Еще более примечательно, что образ любой страны, прилегающей к зоне гоголевского ада, мог в глазах Гоголя резко измениться, если в этой стране сдвигались с места «Мертвые души». Есть два его письма, удаленные друг от друга во времени всего на полтора месяца: одно – к Прокоповичу, другое – к Жуковскому. В обоих – Гоголь описывает Швейцарию. В первом – жалуется: «В Женеве я прожил больше месяца, но наконец не стало мочи от здешнего глупого климата. Ветры здесь грознее петербургских. Совершенный Тобольск. Еду теперь в маленький городок Веве, который находится на этом же озере недалеко от известного тебе замка Шильона. Там климат совершенно другой, потому что с севера заслоняет гора».

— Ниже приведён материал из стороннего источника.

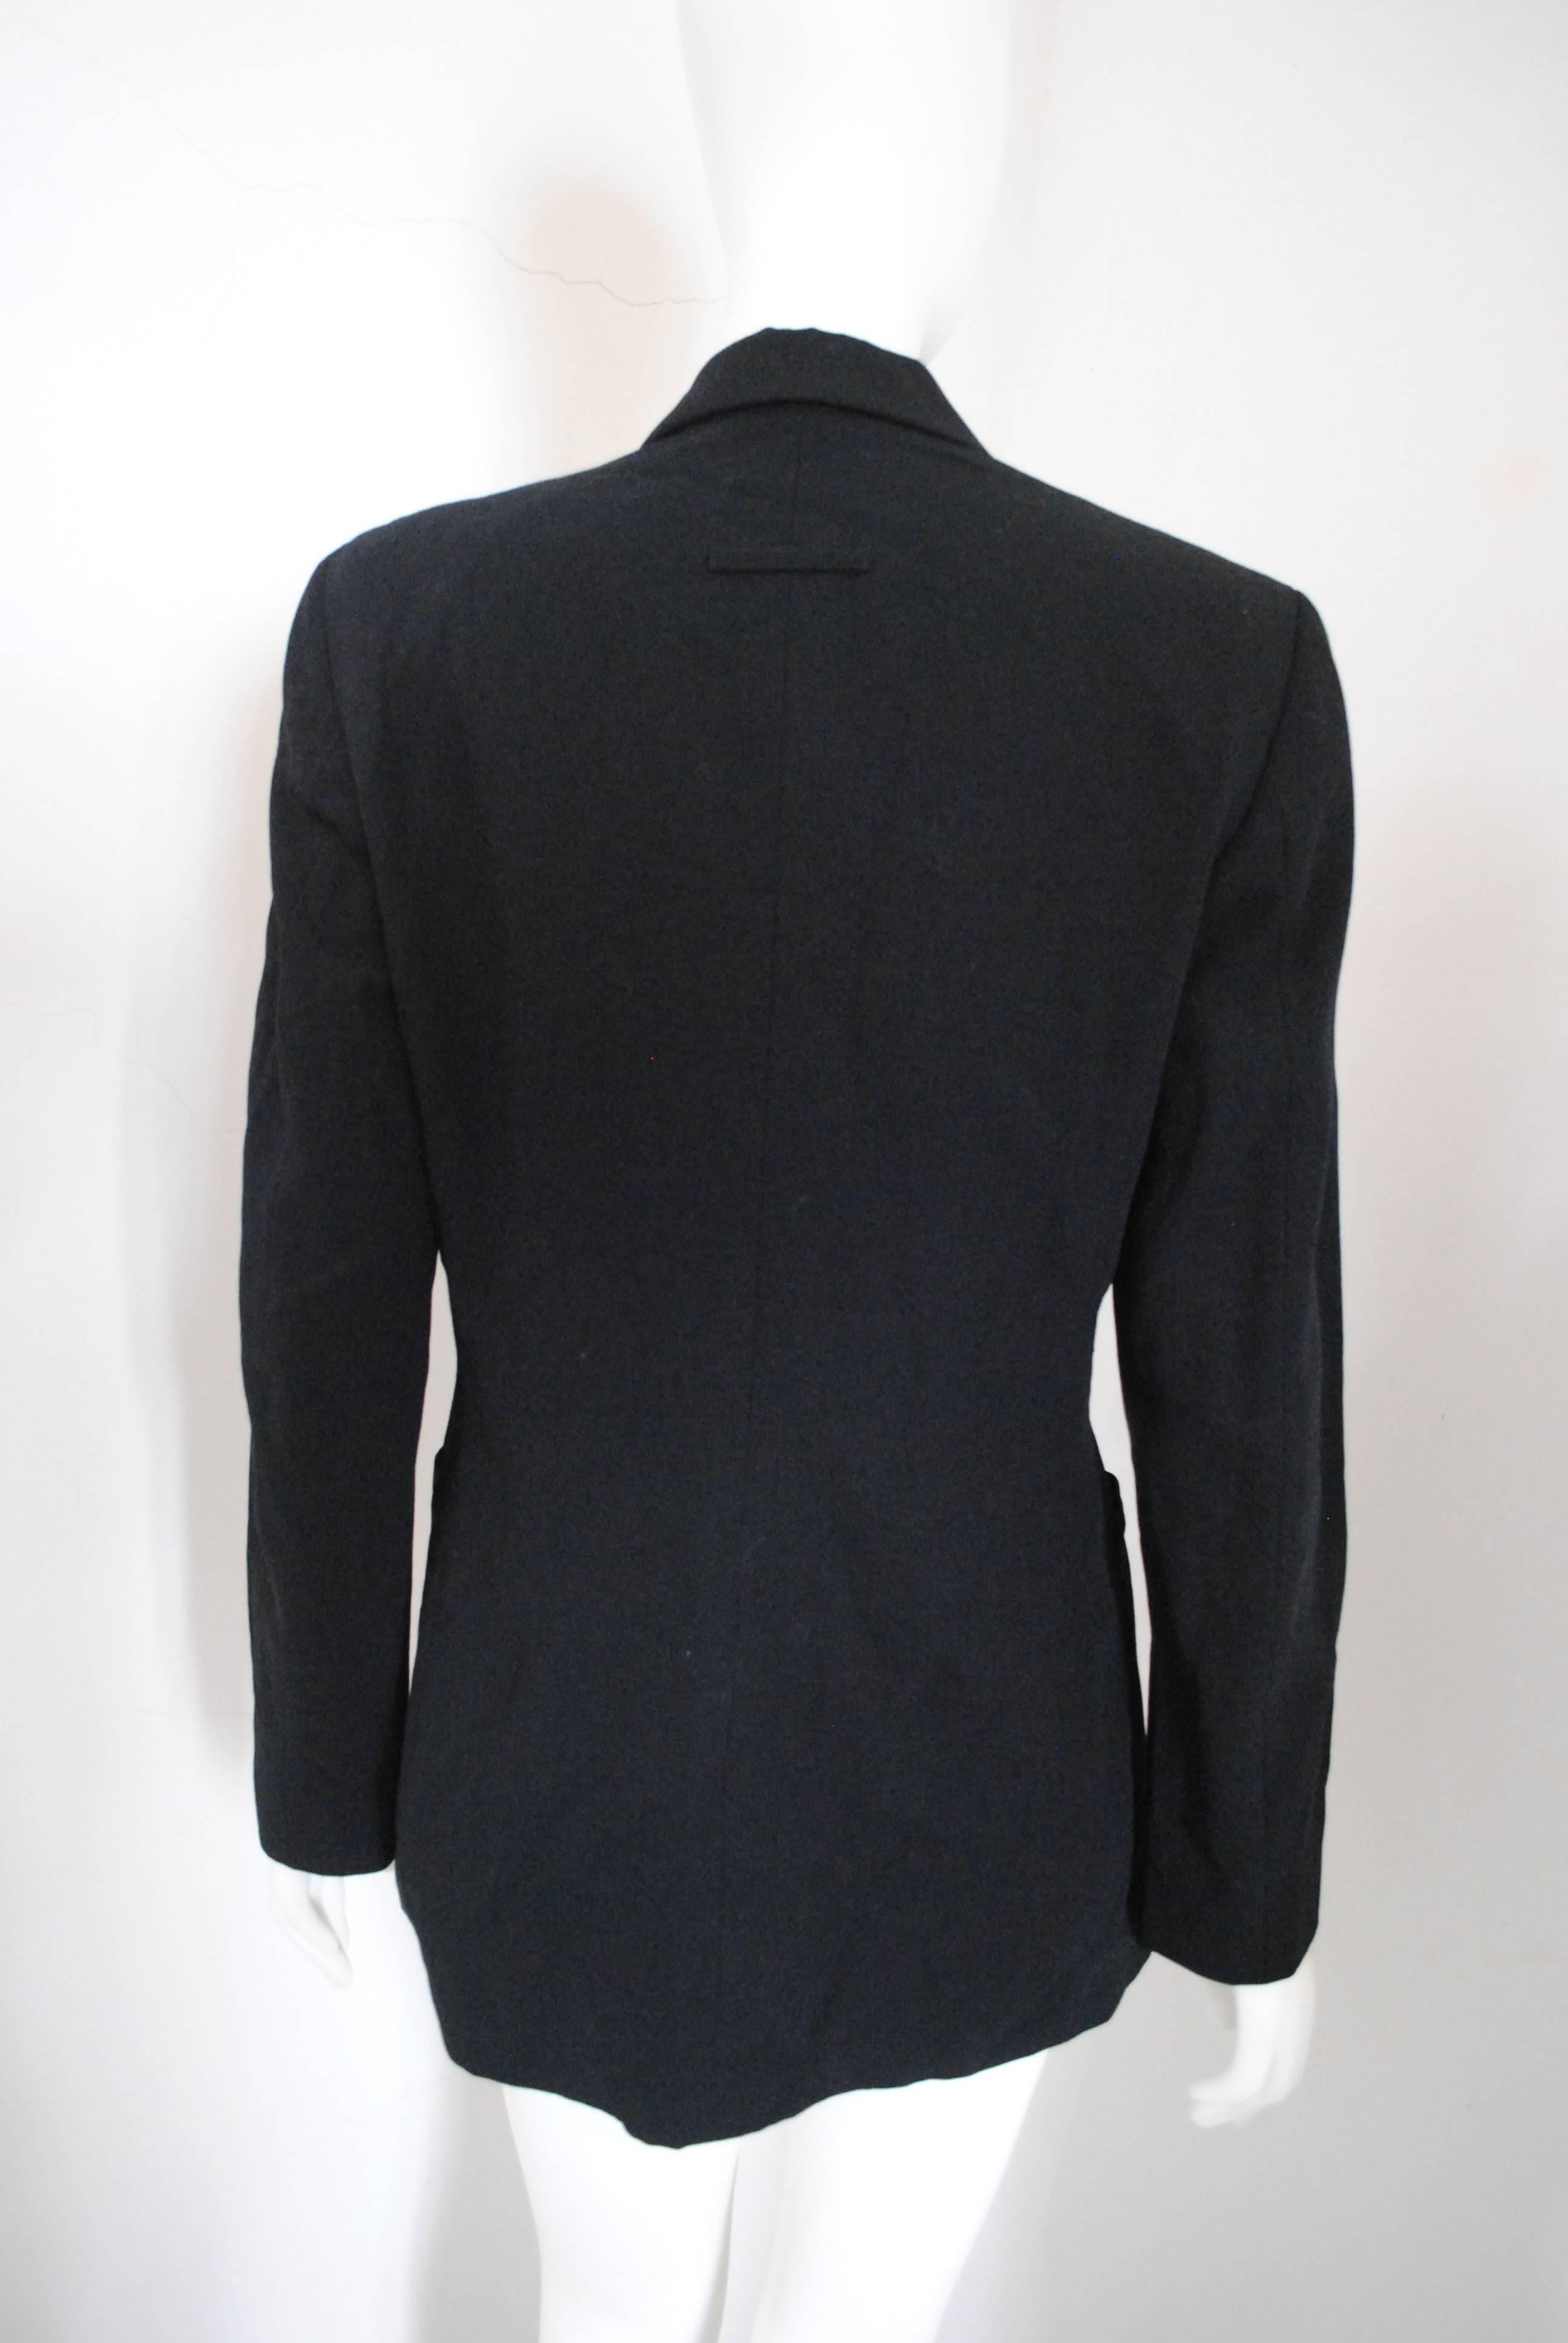 1997 - 1998 Rare Jean Paul Gaultier Black Wool Jacket 2

В Веве он, как и обещал Прокоповичу, вскоре переехал. И во втором письме – к Жуковскому – о своей жизни в Швейцарии он уже отчитывался так: «Осень в Веве наконец настала прекрасная, почти лето. У меня в комнате сделалось тепло, и я принялся за „Мертвых душ“, которых было начал в Петербурге. Все начатое переделал я вновь, обдумал более весь план и теперь веду его спокойно, как летопись. Швейцария сделалась мне с тех пор лучше, серо-лилово-голубо-сине-розовые ее горы легче и воздушнее».
Можно, конечно, закрыть глаза на очевидные вещи и простодушно утверждать, что это именно благодаря удачно расположенной горе вдруг явились вместо «совершенного Тобольска» и тепло, и воздушность, и легкость, и играющая красочность природы; а эти изменения в свою очередь вызвали в Гоголе вдохновение, и работа, не удававшаяся в Женеве, в Веве мирно и благостно потекла. Но это значило бы путать причину со следствиями.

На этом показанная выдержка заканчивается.